Deferred tax is recognised, on timing differences, being the difference
between taxable income and accounting income that originate in one
period and are capable of reversal in one or more subsequent periods.
(o) Intangible assets
Product Development Cost
Product Development Cost incurred on new vehicles platforms, variants
on existing platforms and new vehicles aggregates are recognized as
intangible assets and are included under fixed assets. These amounts
are amortized over sixty months from the commencement of commercial
production i.e. from June 1, 2009.
(p) Impairment
The carrying amounts of assets are reviewed at each balance sheet date
if there are impairment indicator. An impairment loss is recognized
wherever the carrying amount of an asset exceeds its recoverable
amount.
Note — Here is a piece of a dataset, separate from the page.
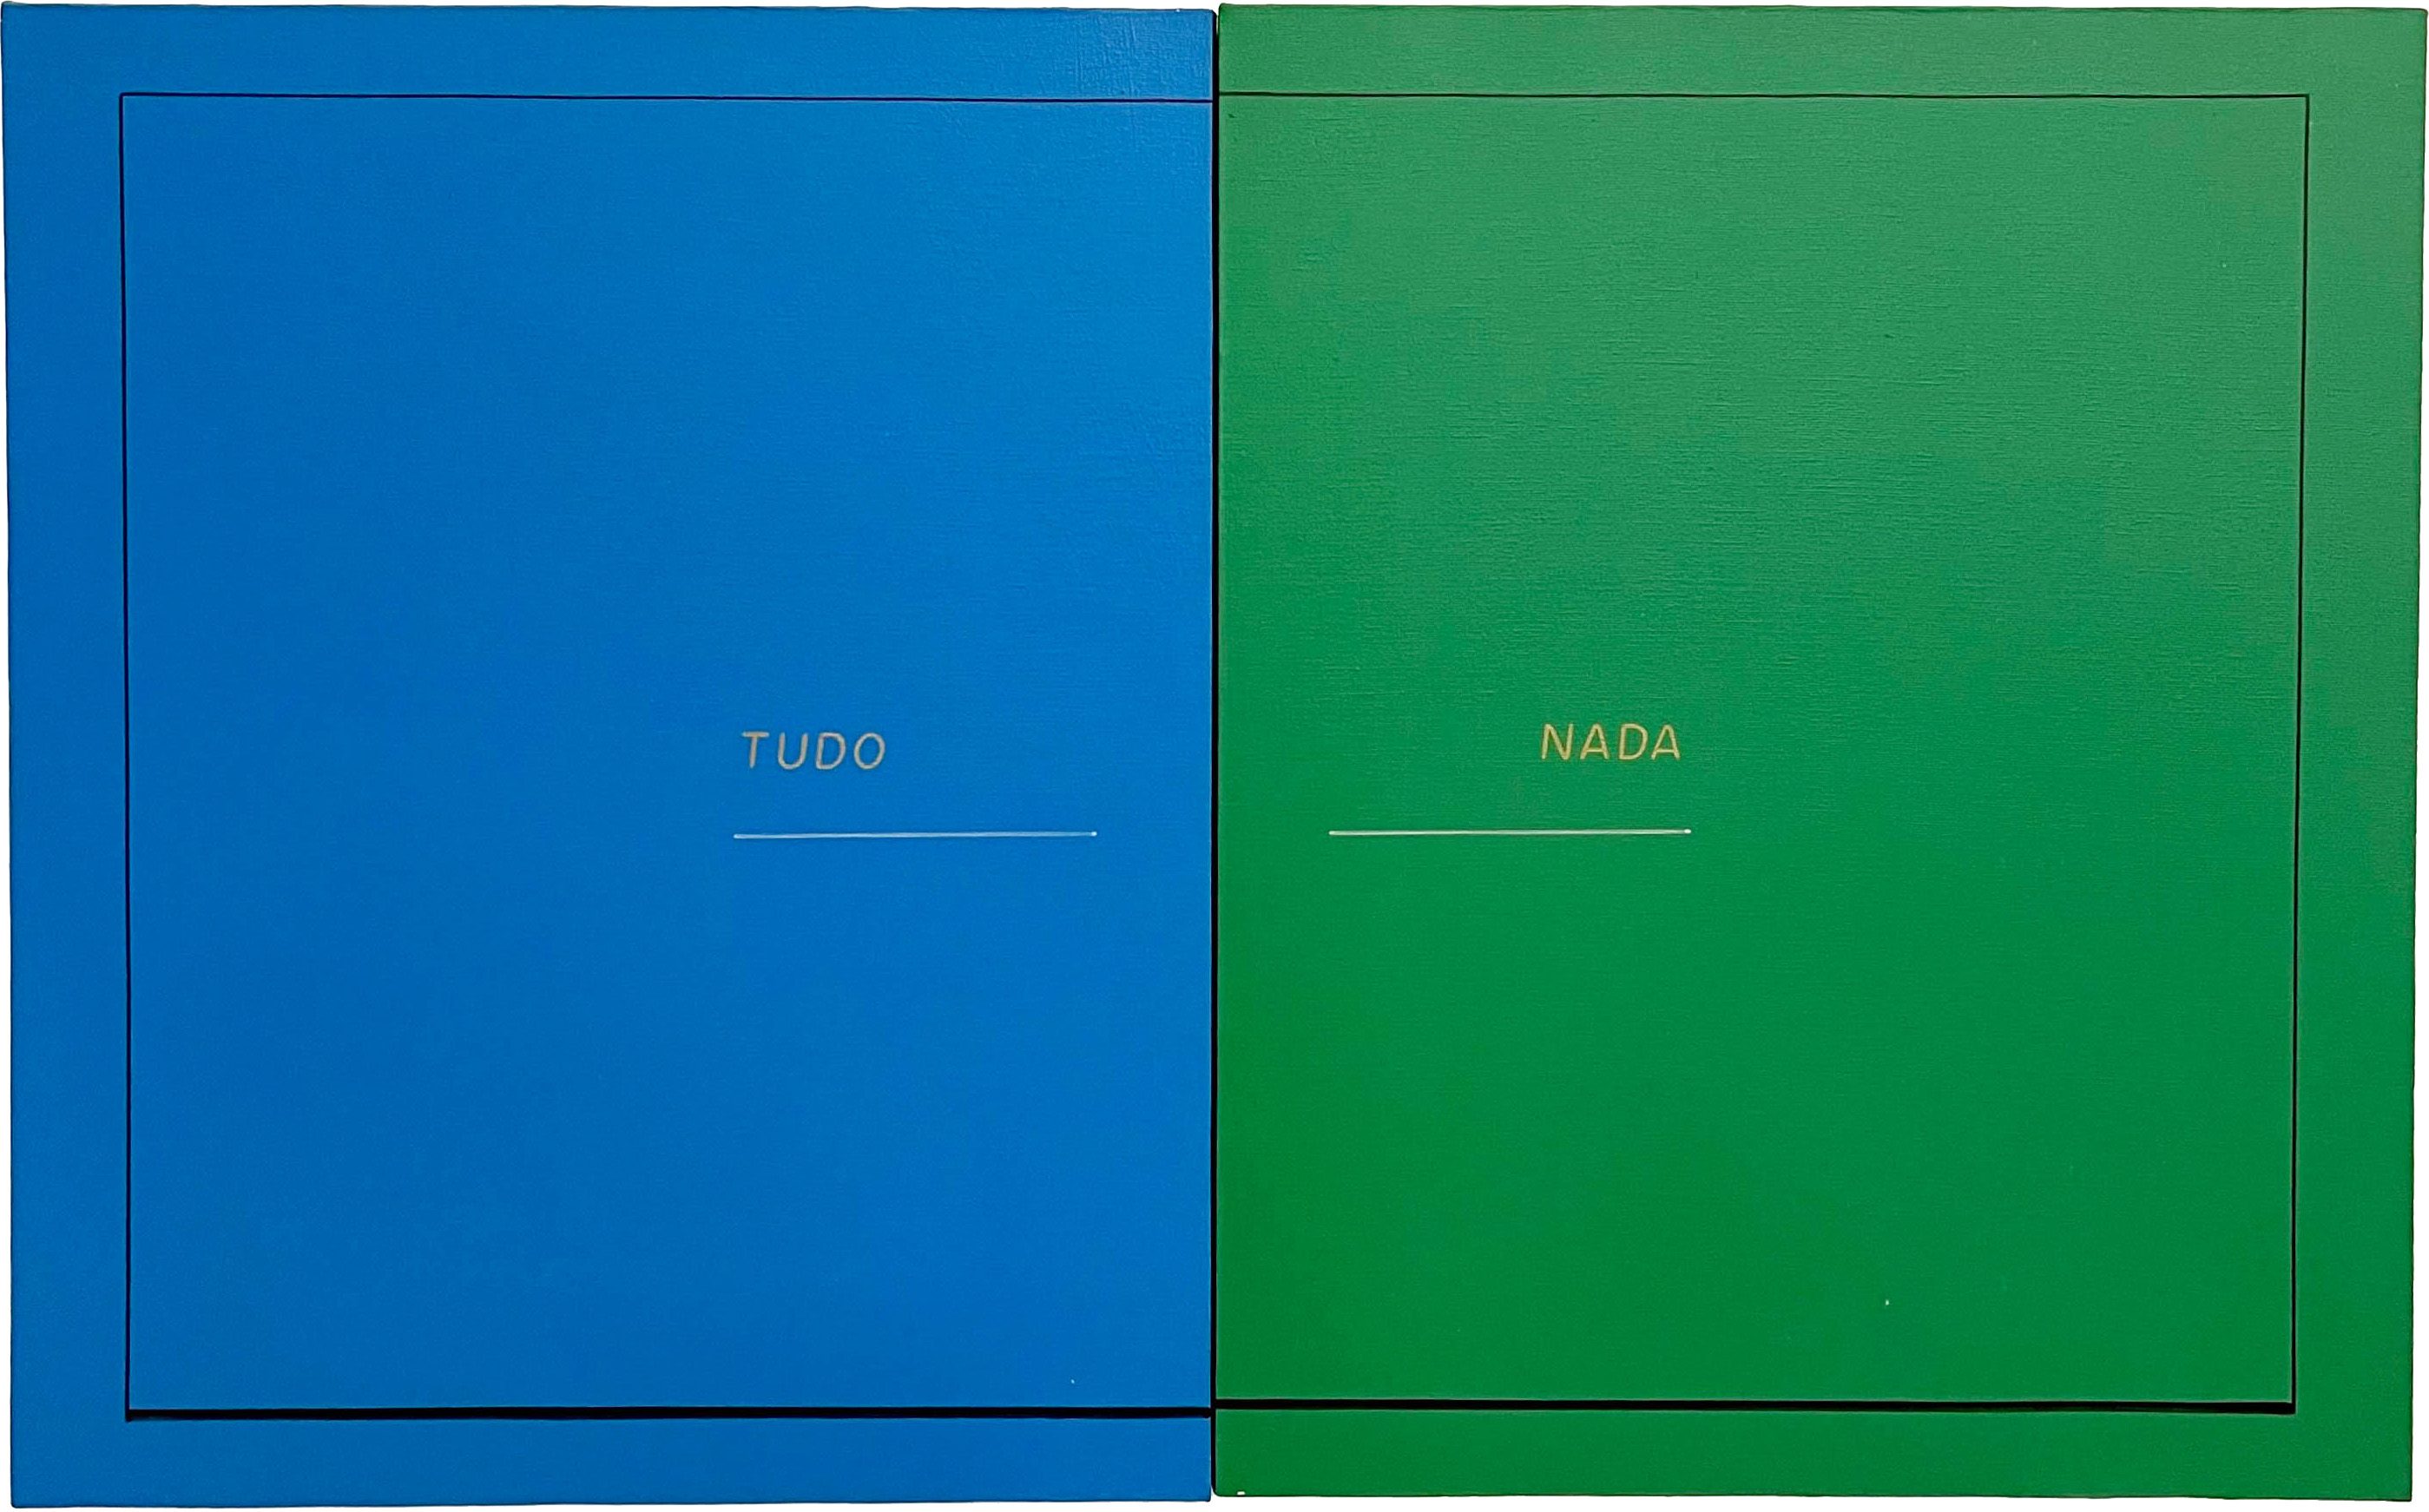 01. Almandrade, Tudo é nada, 1982 2017, Acrílica sobre tela, 50 x 80 cm

The recoverable amount is the greater of the assets net
selling price and value in use.
After impairment, depreciation is provided on the revised carrying
amount of the asset over its remaining useful life.
A previously recognised impairment loss is increased or decreased based
on reassessment of recoverable amount, which is carried out if the
change is significant. However the carrying value after reversal is not
increased beyond the carrying value that would have prevailed by
charging usual depreciation if there was no impairment.
(q) Provisions
A provision is recognised when an enterprise has a present obligation
as a result of past event; it is probable that an outflow of resources
will be required to settle the obligation, in respect of which a
reliable estimate can be made. Provision are not discounted to its
present value and are determined based on best estimate required to
settle the obligation at the balance sheet date. These are reviewed at
each balance sheet date and adjusted to reflect the current best
estimates.
(r) Product Warranty Expenses
The estimated liability for product warranties is recorded when
products are sold. These estimates are established using historical
information on the nature, frequency and average cost of warranty
claims and management estimates regarding possible future incidence
based on corrective actions on product failures. However any risk
covered by insurance policy premium paid on such policy are charged to
revenue in the year in which it is incurred.